Rose

THOSE FIRST FEW DAYS were as grim as any I can remember. I had no idea where I was, much less where I was going, and I could not stop thinking about the candle wax dripping onto his skin, the cry of despair, and the sleigh disappearing from my sight. I rewove the scene over and over in my head until I thought I would lose my reason.

I had caught a chill, no doubt from lying weeping in the snow, and was plagued by a nasty cough and a nose that wouldn't stop leaking.

I walked for three straight days without finding any sign of a town or farm. I chose my direction by instinct, thinking that I would follow in the general direction the sleigh had been heading—north. I still wore my nightdress under the vest, sweater, and cloak. But the weather was gradually warming, and most of the snow had melted by twilight of the third day.

The fourth day I came across a large farm. My spirits rose. I was hoping desperately for some kind of assistance—food, directions, anything. I had eaten nothing aside from what remained of Torsk's honey and the toffee Mother had given me many months before. But the closer I came to the first building, a pale blue barn of medium size, the clearer it became that the farm was abandoned. There was no sign of a living creature, human or animal. However, it did not look as though it had lain deserted long, for all the buildings were well maintained, and as I searched the grounds, I even found feed in the troughs, and heaps of dung that didn't look much older than several days. Suddenly it occurred to me that the farm may have supplied the raw material for all the fine food I had eaten at the castle, and I wondered if those who ran the farm had disappeared, as well as the animals, along with the man who had been a white bear.

Anything that I could have eaten had vanished as well, and I found only some dried-up carrots and beans at the bottom of a few pails in one of the barns. I stuffed those in my pocket and resumed my journey. There was a dense forest surrounding the farm and the traveling was difficult. It took at least a day and a half to get through the forest.

Finally I stumbled out of the tangle of the trees, onto a stretch of meadowland. I was weak, my stomach tight with hunger, and my cough had worsened. But much worse than either my hunger or the cough that tormented me was the sound that kept ringing in my ears, the cry of despair from the man who had been a white bear. I heard it as I walked through dull-green grass and knee-high shrubs. I heard it when I dozed fitfully at night. I heard it when I awoke to a pale wintry sun. But I continued to struggle forward, telling myself that somehow I would make things right again.

Though I did not see any specific places I recognized, the gently rolling hills and the shapes of the trees were familiar to me from my journeys with the white bear. I knew it was winter, but clearly the winters in this land were much milder than in Njord, and some of the time it was warm enough for me to take off my cloak.

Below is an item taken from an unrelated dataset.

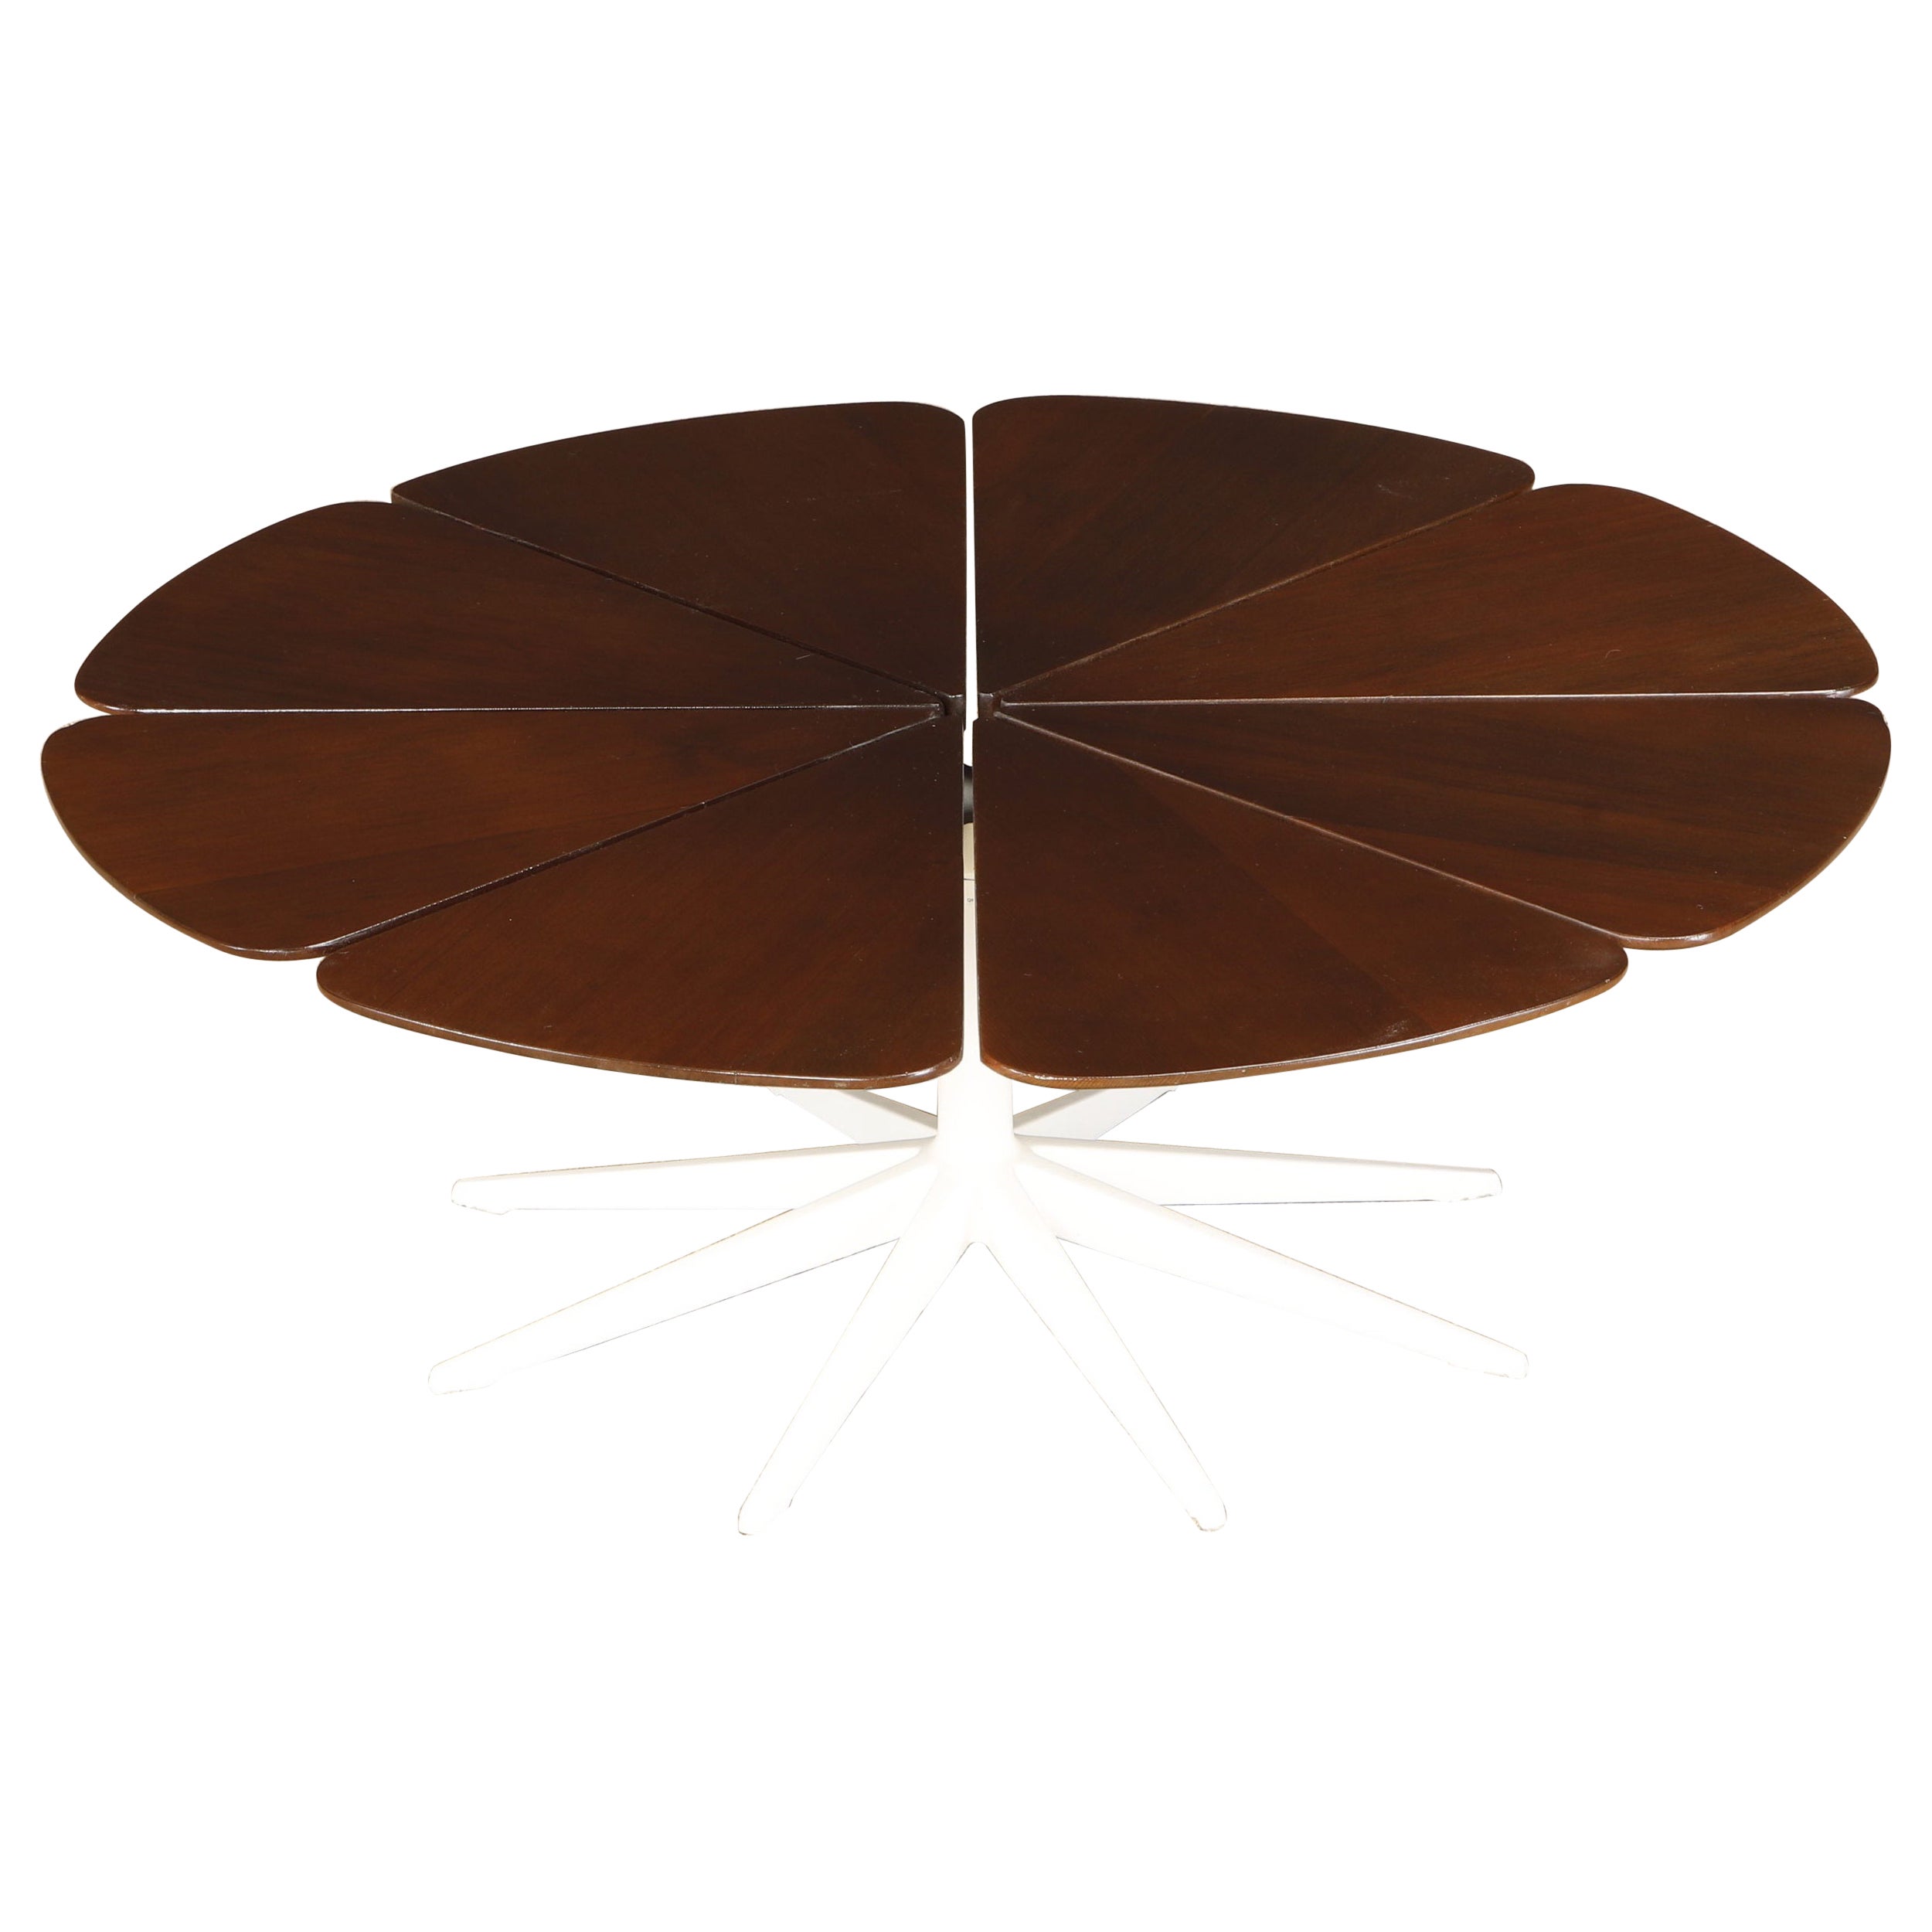 'Petal' Coffee Table by Richard Schultz for Knoll Associates, 1960s, Signed For Sale

On the seventh day it began to rain. That night I made myself a bed of leaves in a small grove of some kind of broad-leaved tree I did not recognize. After eating the last of the shriveled carrots, I slept restlessly and awoke feeling feverish. When I got unsteadily to my feet, I was wracked by a cough that doubled me over. I sank to my knees, feeling lightheaded and dizzy. All I had eaten for the past seven days were toffees and the few shriveled carrots and beans. I thought ruefully of the last meal I had had in the castle. Melting-soft bread and creamy butter and herb-crusted meat with tender chunks of vegetables...

I groaned.

I was able to travel only a short distance that day, too weak to stay upright for long. That night I huddled under some bushes, feeling damp and chilled, though my face felt hot with fever. When I awoke I could barely move. Every time I lifted my head, the world around me spun crazily, and deep, hacking coughs felt like they would split my chest apart. I forced myself to my hands and knees and crawled forward but was stopped by another spasm of coughing.

I lifted my blurred eyes to look at the sky. I'm not going to make it, I thought. But I have to. Then I saw something that made me blink. A thin curve of wood-smoke against the gray sky.

I staggered to my feet and took several steps forward. But then I tripped over a low-lying shrub and fell to the ground. I began coughing and could not stop. Finally it subsided and I lay there, wrung out, my eyes closed.

I thought I might just go to sleep for a while, and then the cry of despair from the man who had been a white bear rang again in my ears. "I have to get up," I croaked. I struggled to raise myself, but a mist of gray veiled my eyes and I sank back to the ground, resigned. So weary. I heard footsteps in the grass, but it did not matter. "I'm sorry," I murmured, then slipped into unconsciousness.